Exercise prompt: Pictures aside, please retype the whole listing word for word.

Provided data: Begin

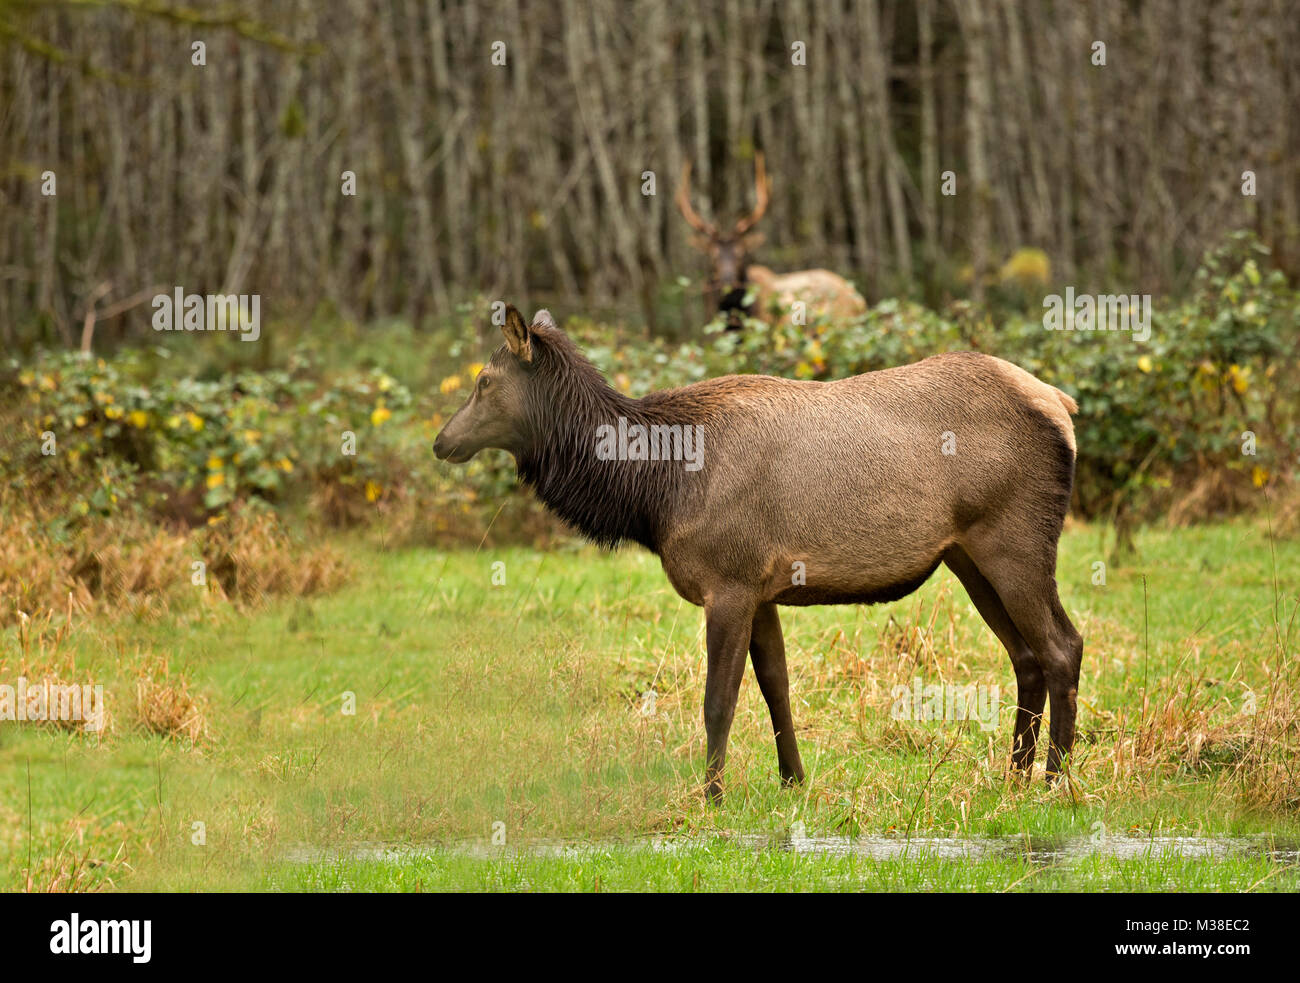 WA13322-00...WASHINGTON - Elk paissant dans une prairie dans la région de la vallée de la rivière Quinault d'Olympic National Park. Banque D'Images
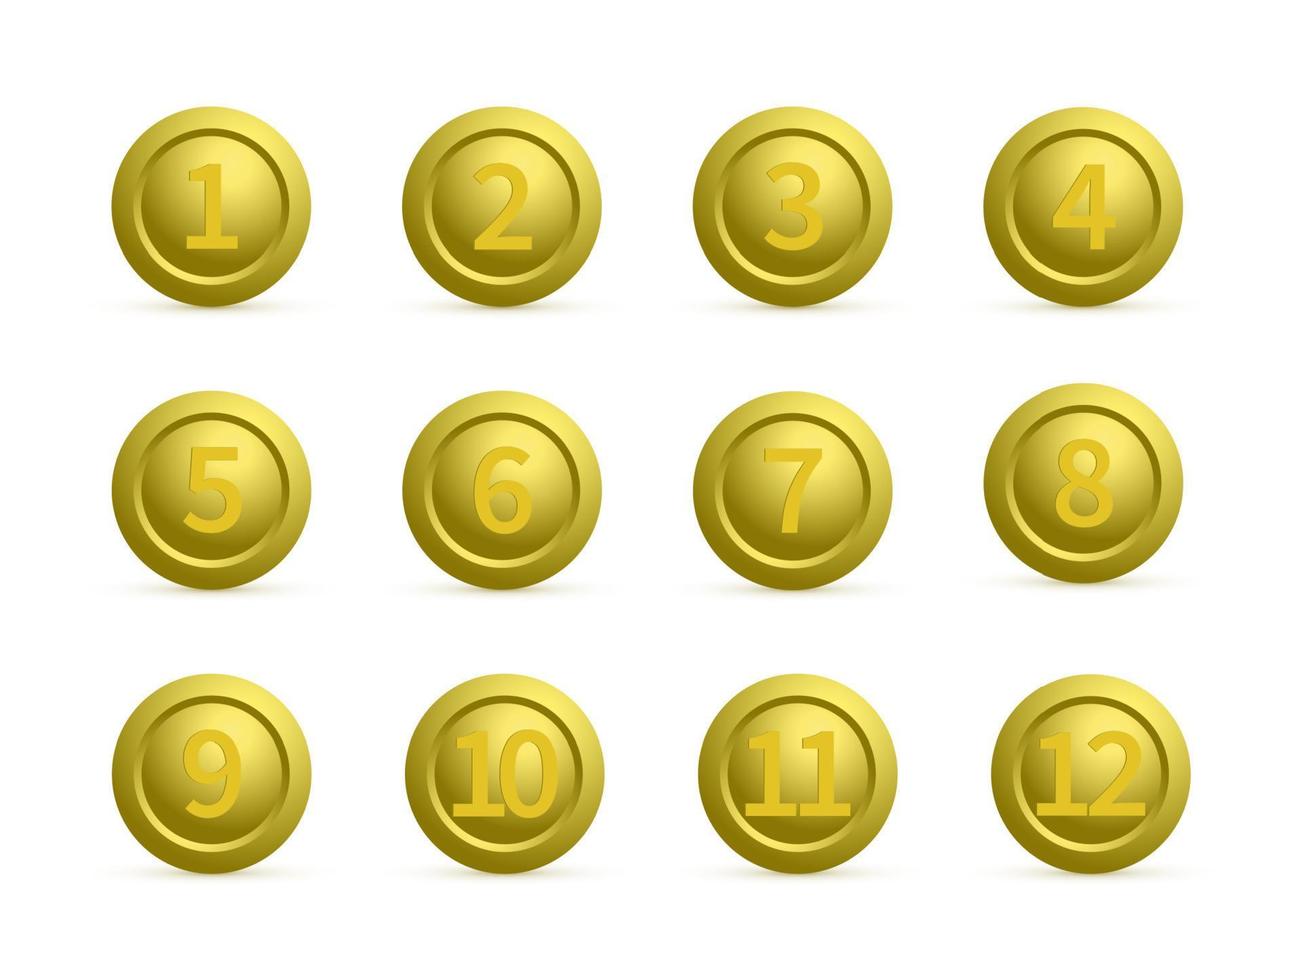 conjunto de botões redondos dourados com números de 1 a 12 com sombras. botões dourados isolados no branco. ícones do vetor de emblemas numerados. Chaves 3D para sites e aplicativos móveis. modelo fácil de editar.
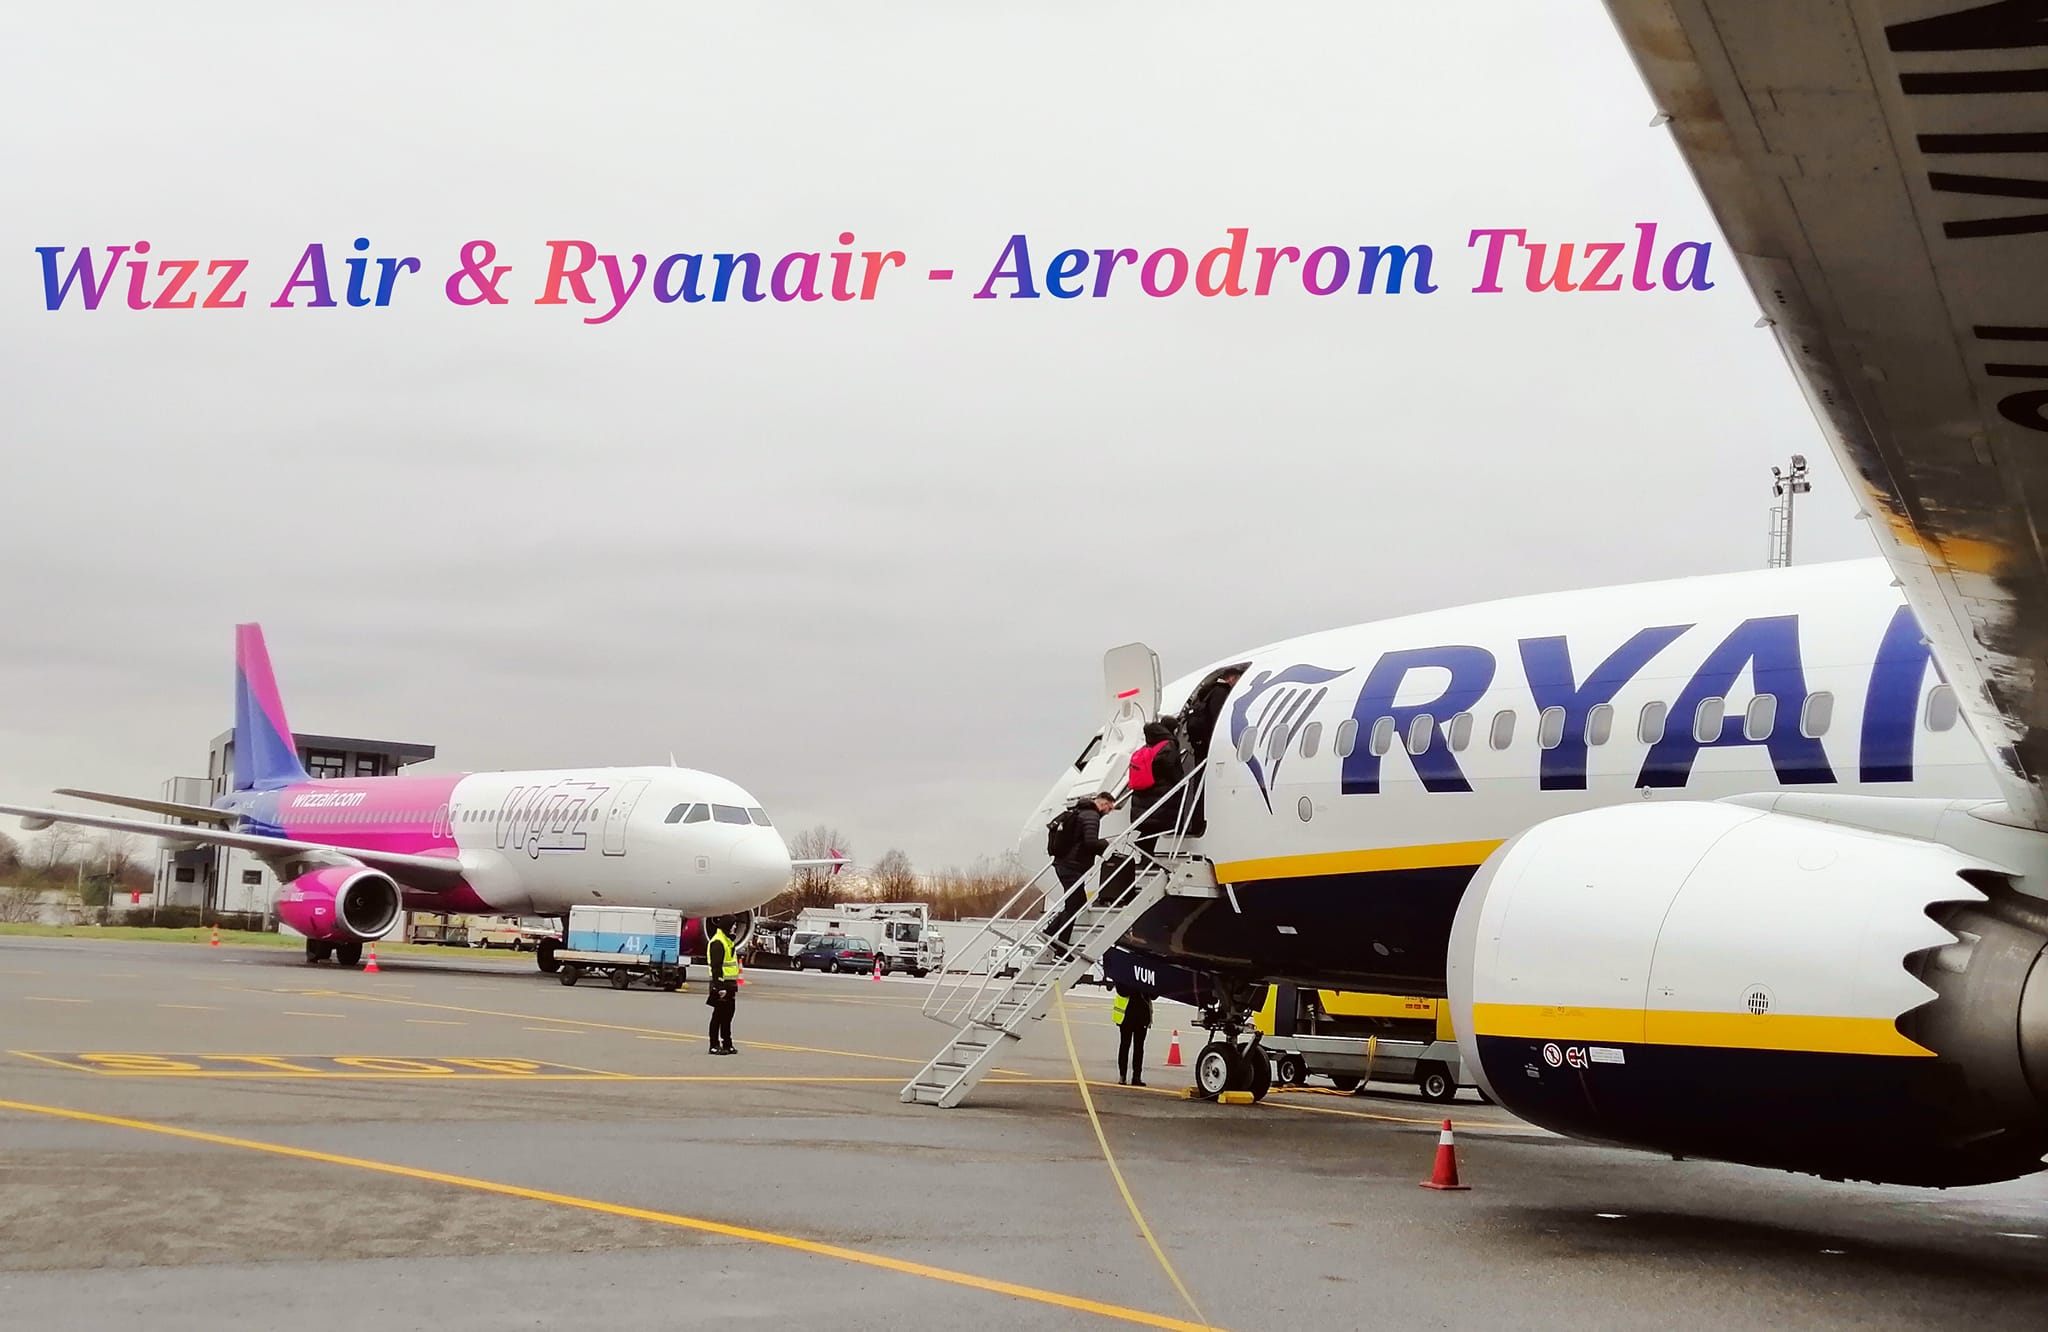 Ukinuta taksa od 3 KM na bh. aerodromima: Ryanair se vraća u Tuzlu?
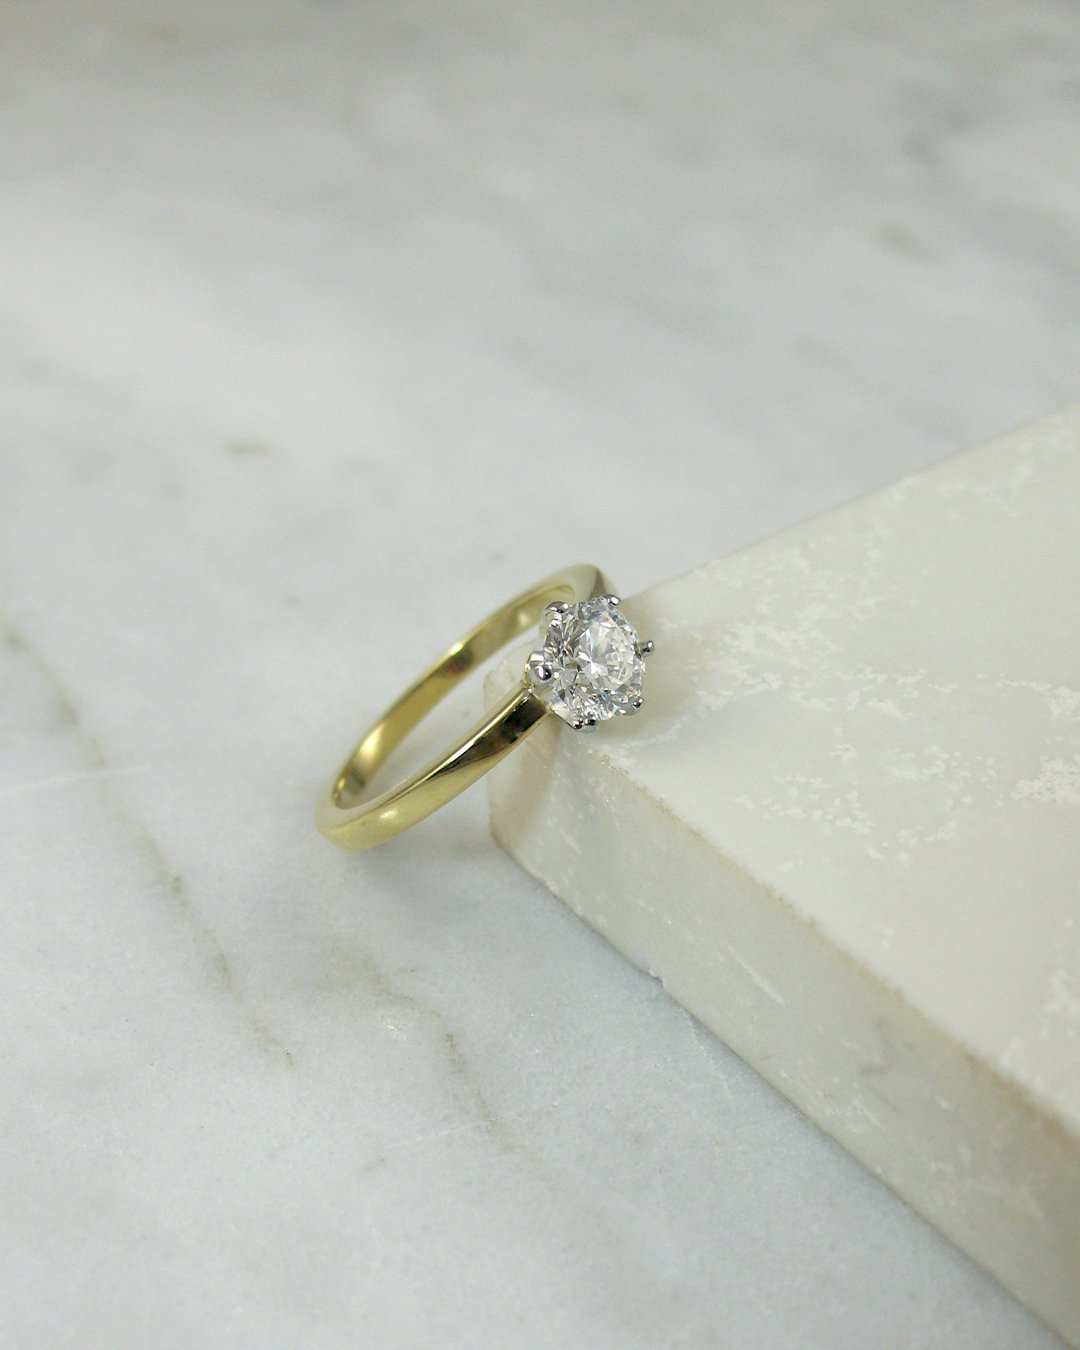 A mininalist bespoke diamond engagement ring

Provided data: End

Output for this exercise:
 WA13322-00...WASHINGTON - Elk paissant dans une prairie dans la région de la vallée de la rivière Quinault d'Olympic National Park. Banque D'Images
 conjunto de botões redondos dourados com números de 1 a 12 com sombras. botões dourados isolados no branco. ícones do vetor de emblemas numerados. Chaves 3D para sites e aplicativos móveis. modelo fácil de editar.
 Ukinuta taksa od 3 KM na bh. aerodromima: Ryanair se vraća u Tuzlu?
 A mininalist bespoke diamond engagement ring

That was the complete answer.